> [Action item]:
Beneath this line are entries. Copy the range from the line with "5.75 OG X-series" to the line with "Tennis ITF M15", ends included, exactly; leave pictures out.

───── Extracted records ─────

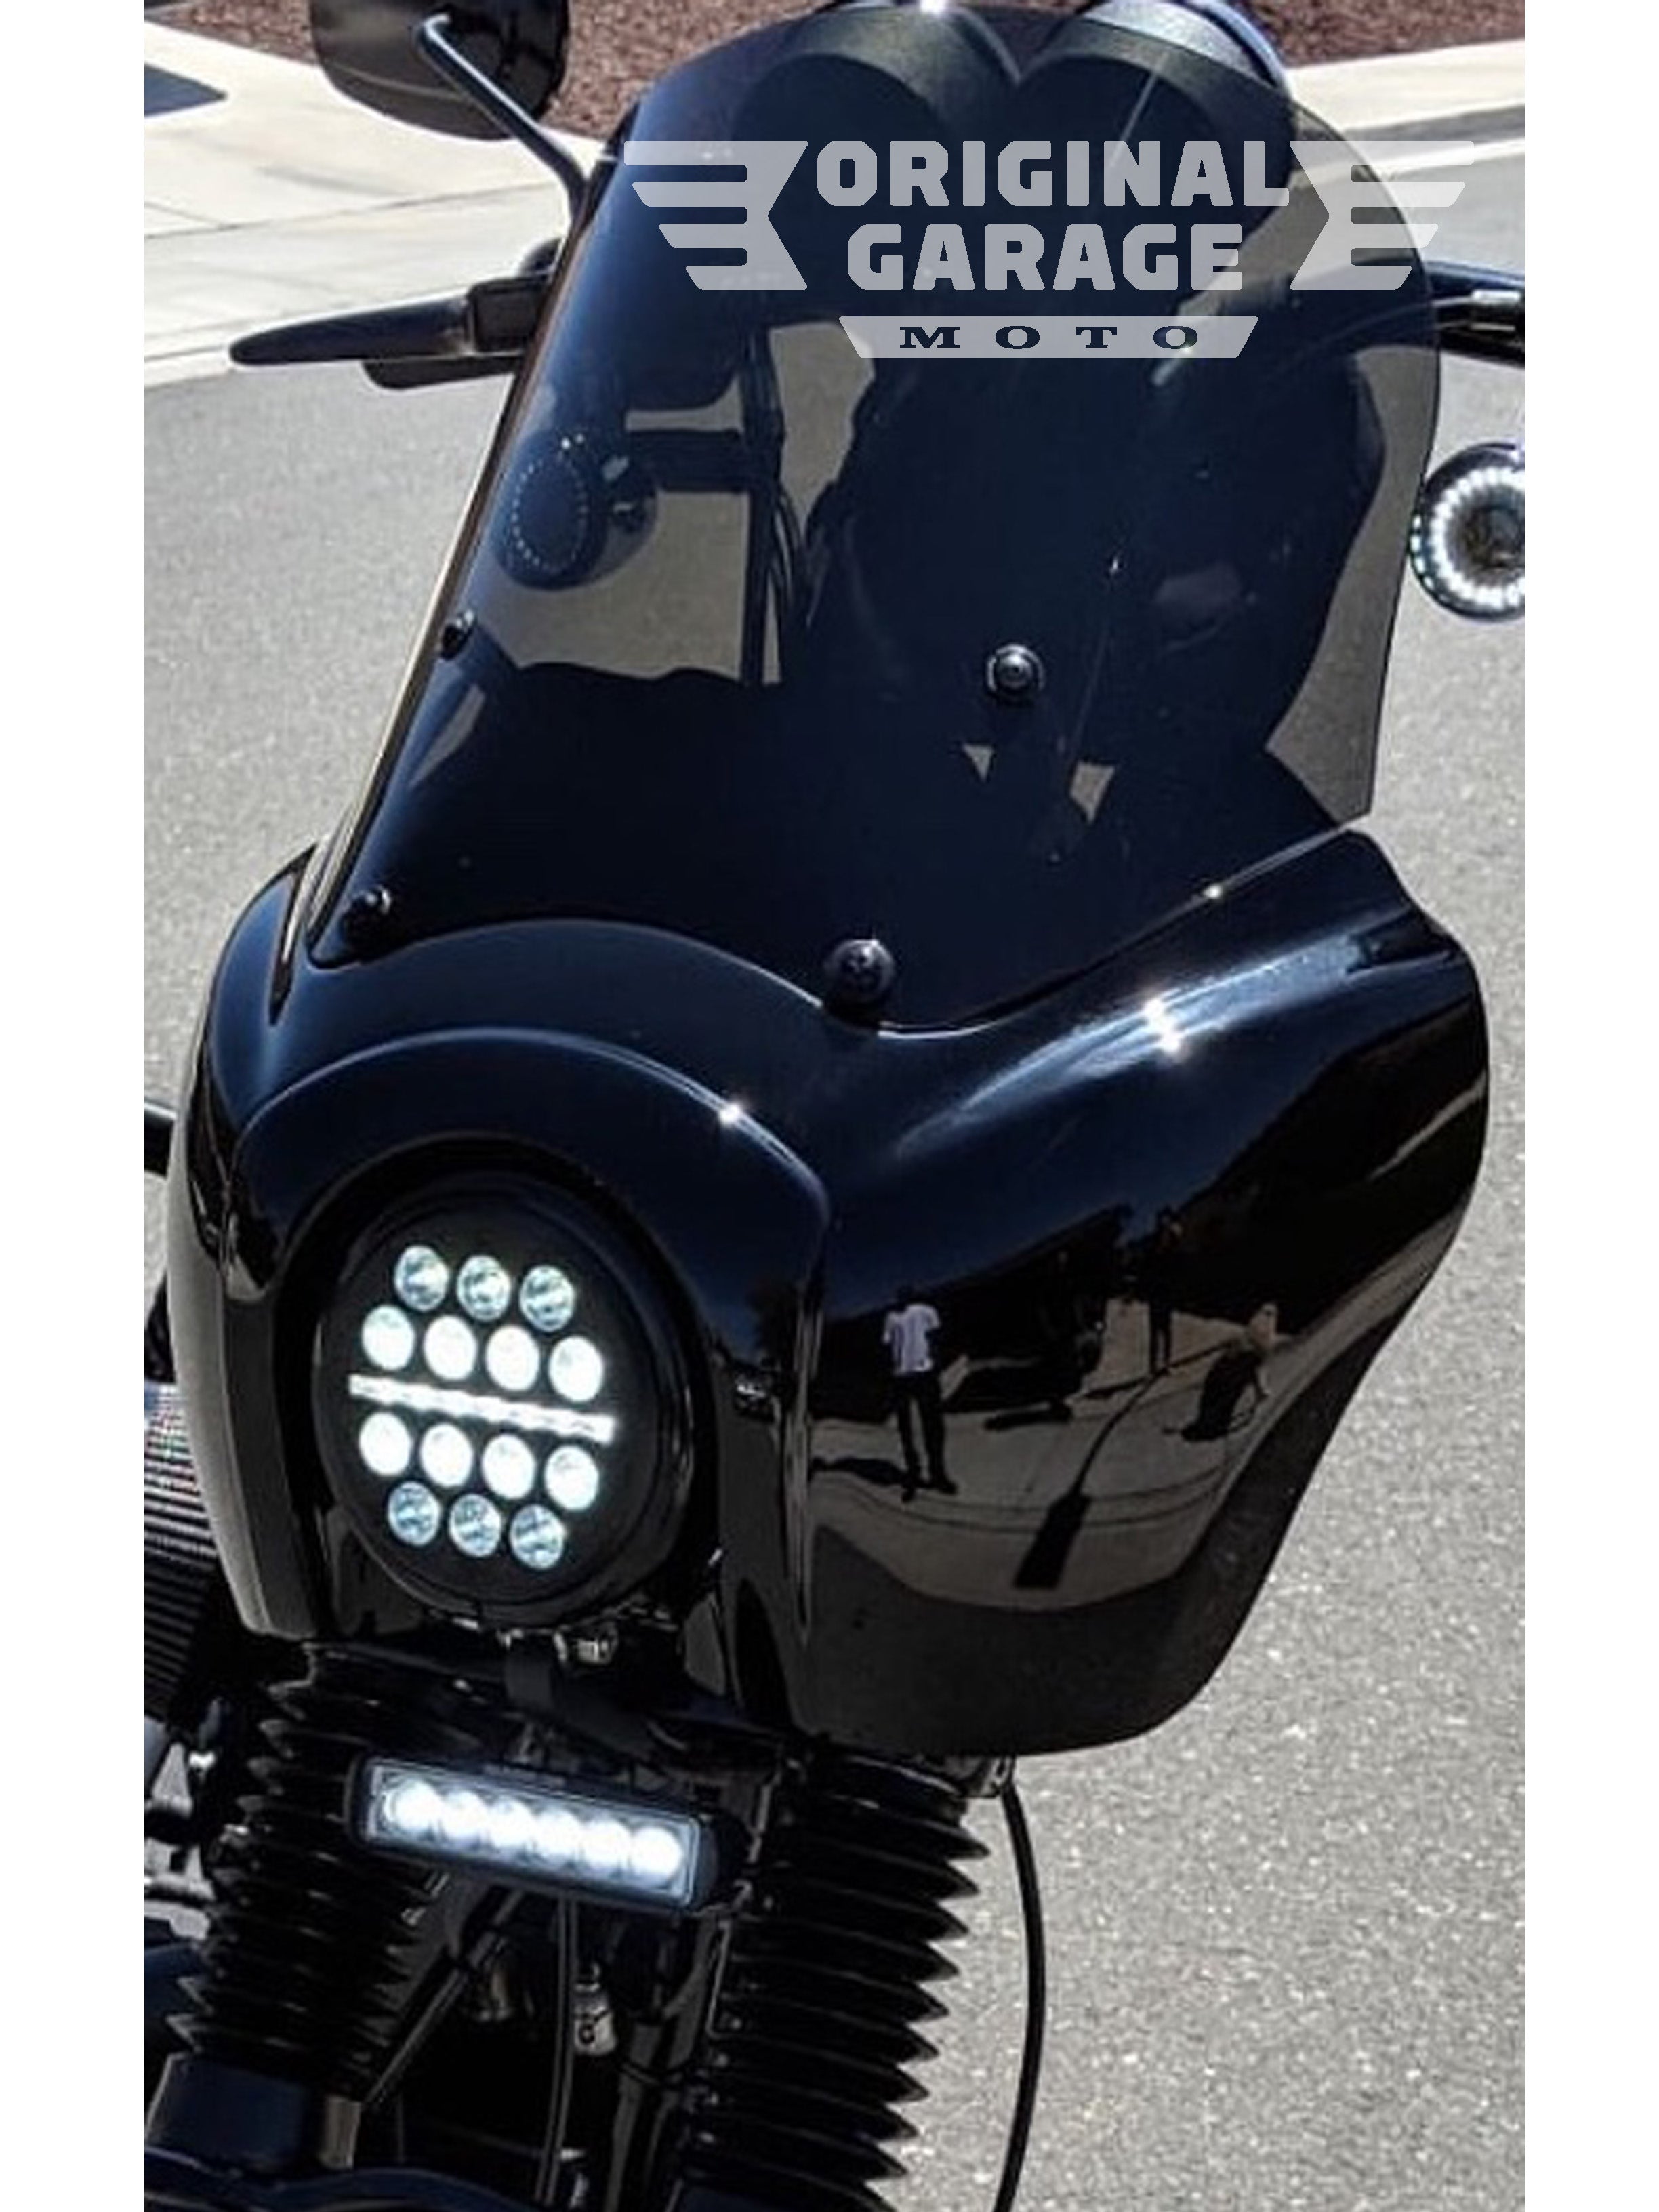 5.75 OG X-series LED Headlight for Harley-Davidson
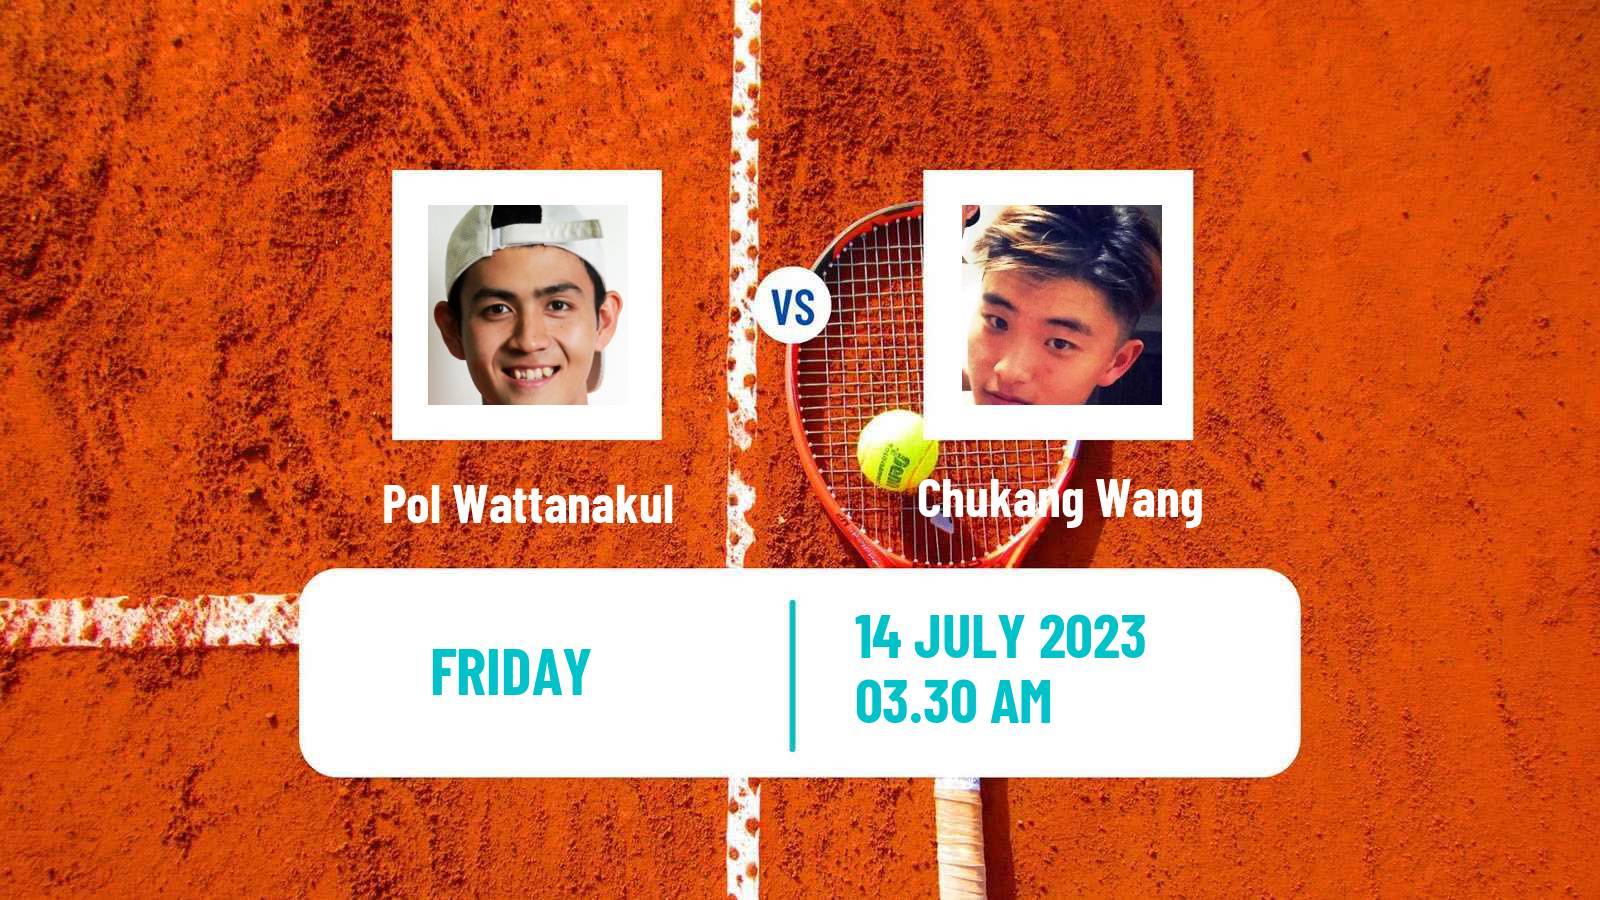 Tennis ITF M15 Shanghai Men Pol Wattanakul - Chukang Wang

─────
───── Extracted records ─────

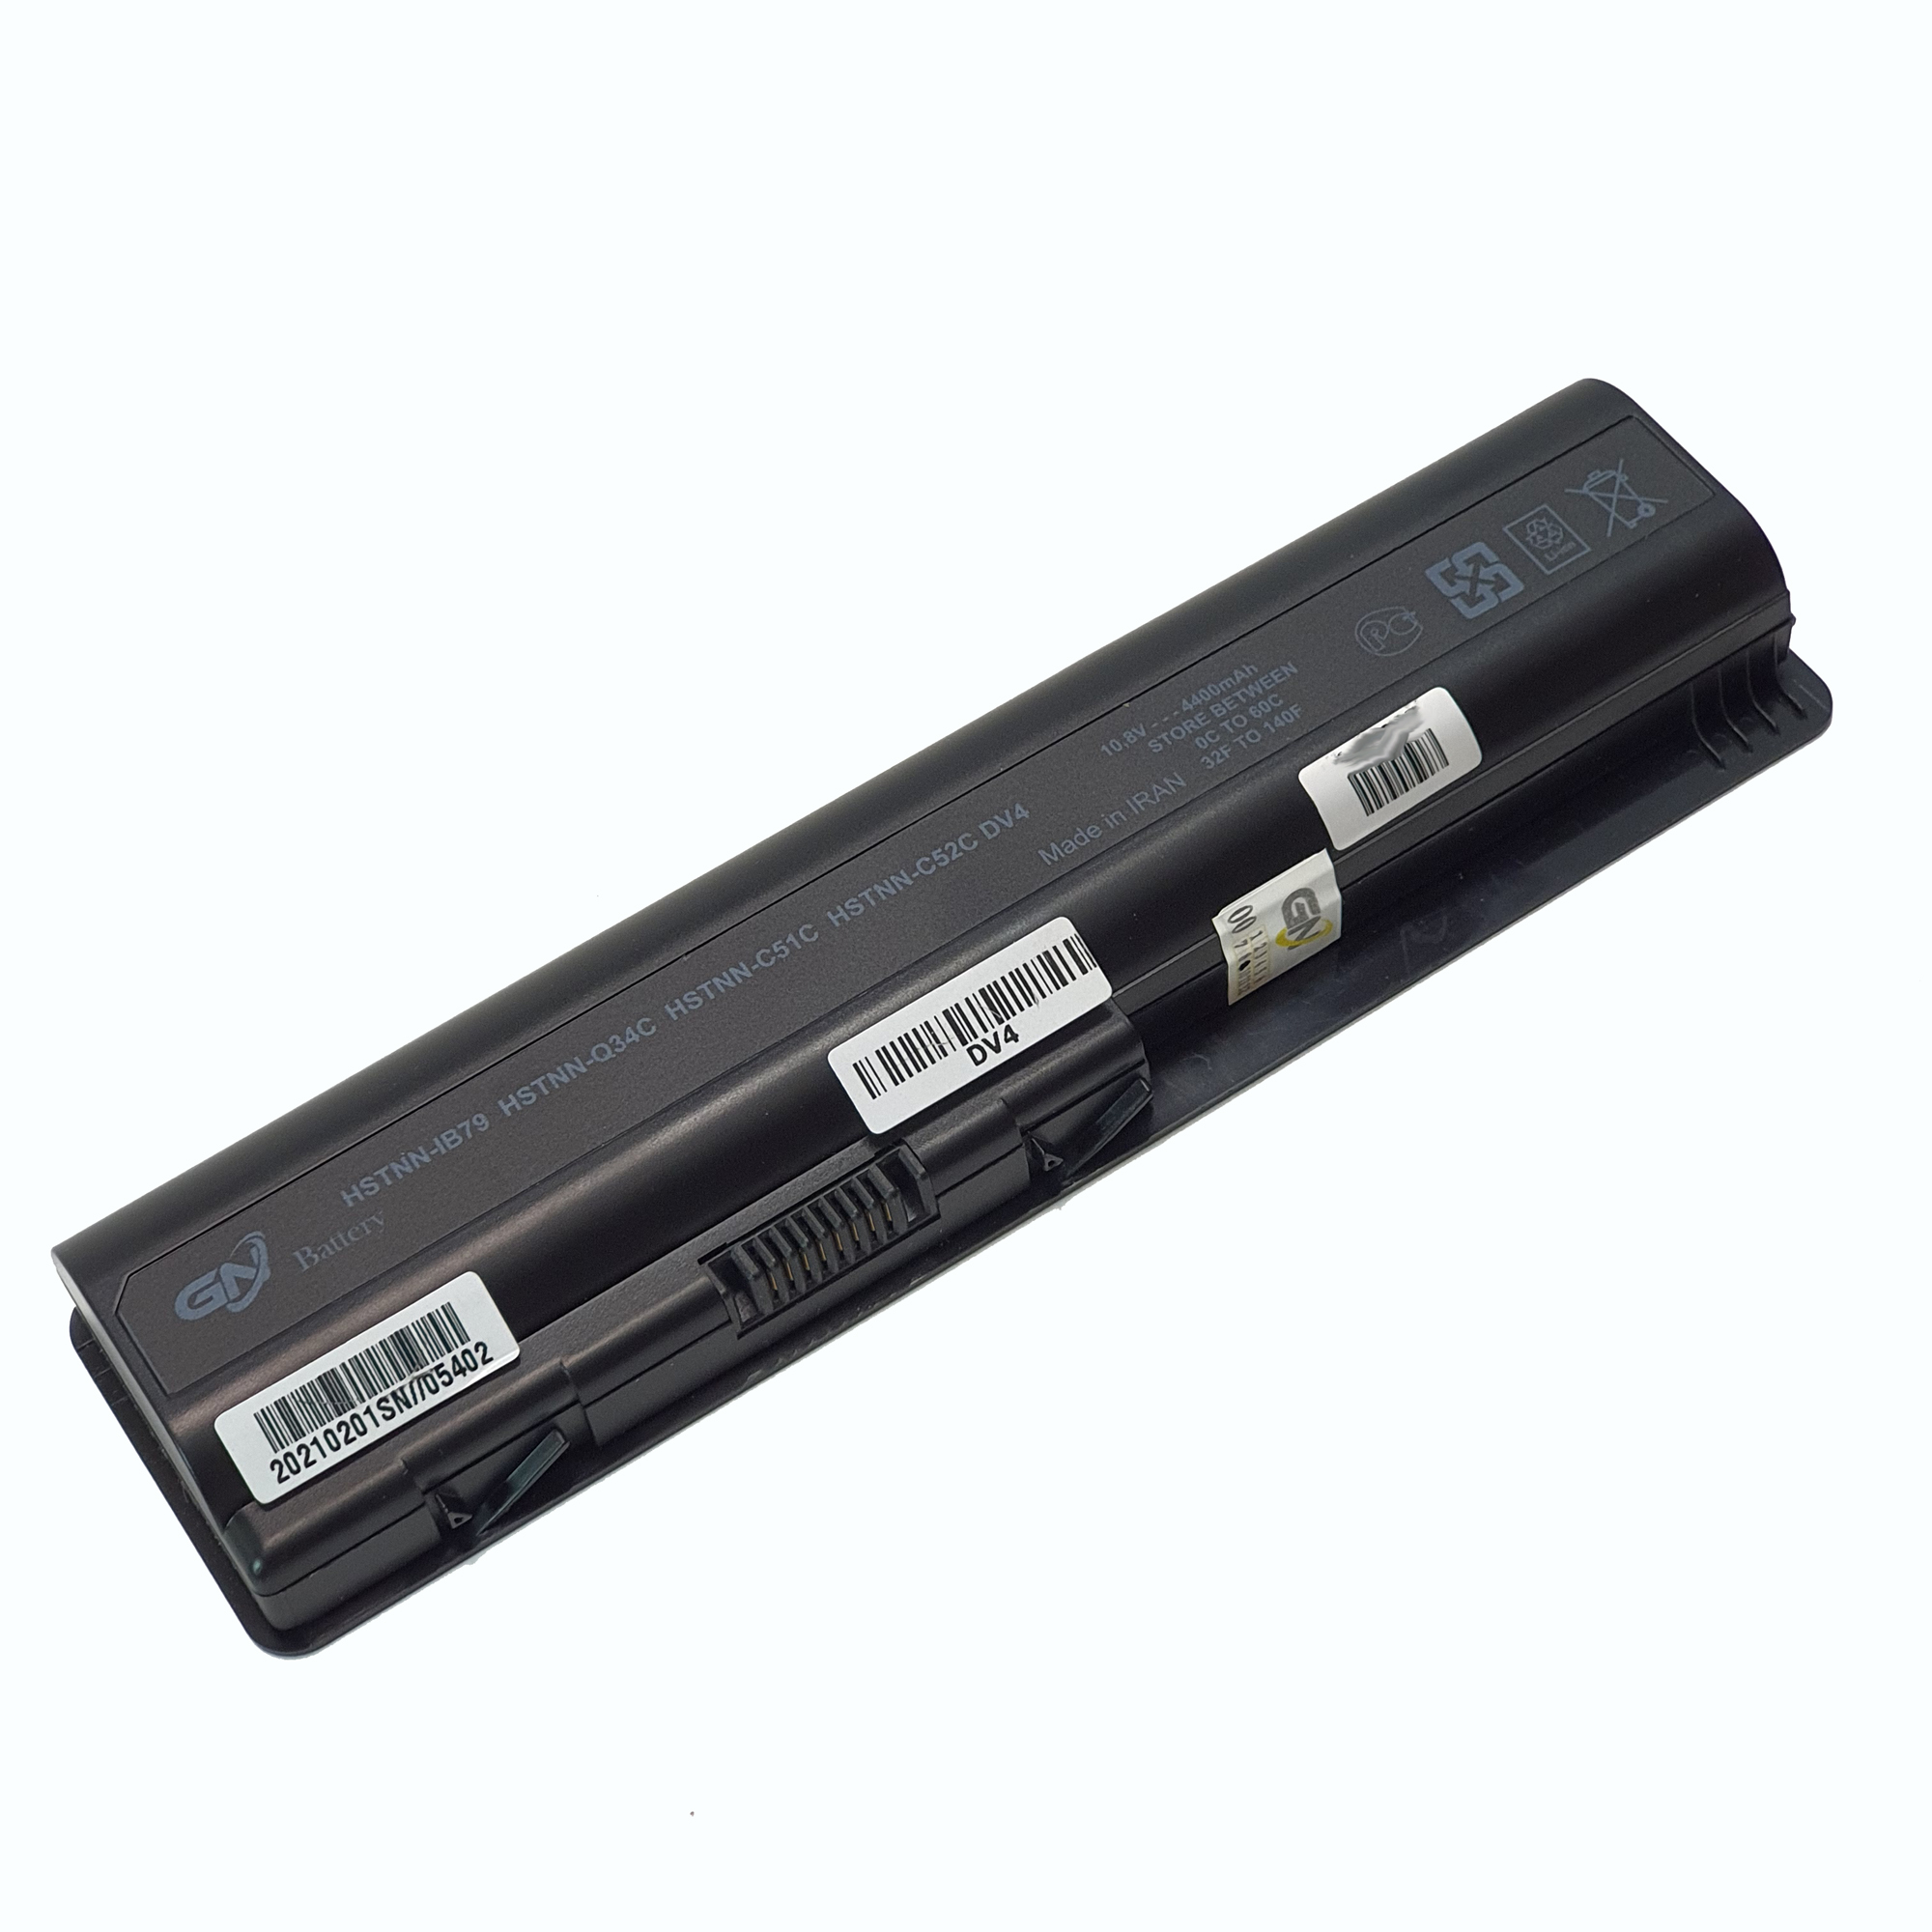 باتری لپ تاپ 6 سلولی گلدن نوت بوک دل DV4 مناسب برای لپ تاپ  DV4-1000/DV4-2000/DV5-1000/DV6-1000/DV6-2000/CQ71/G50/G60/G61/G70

─────

> [Written response]:
 5.75 OG X-series LED Headlight for Harley-Davidson
 Tennis ITF M15 Shanghai Men Pol Wattanakul - Chukang Wang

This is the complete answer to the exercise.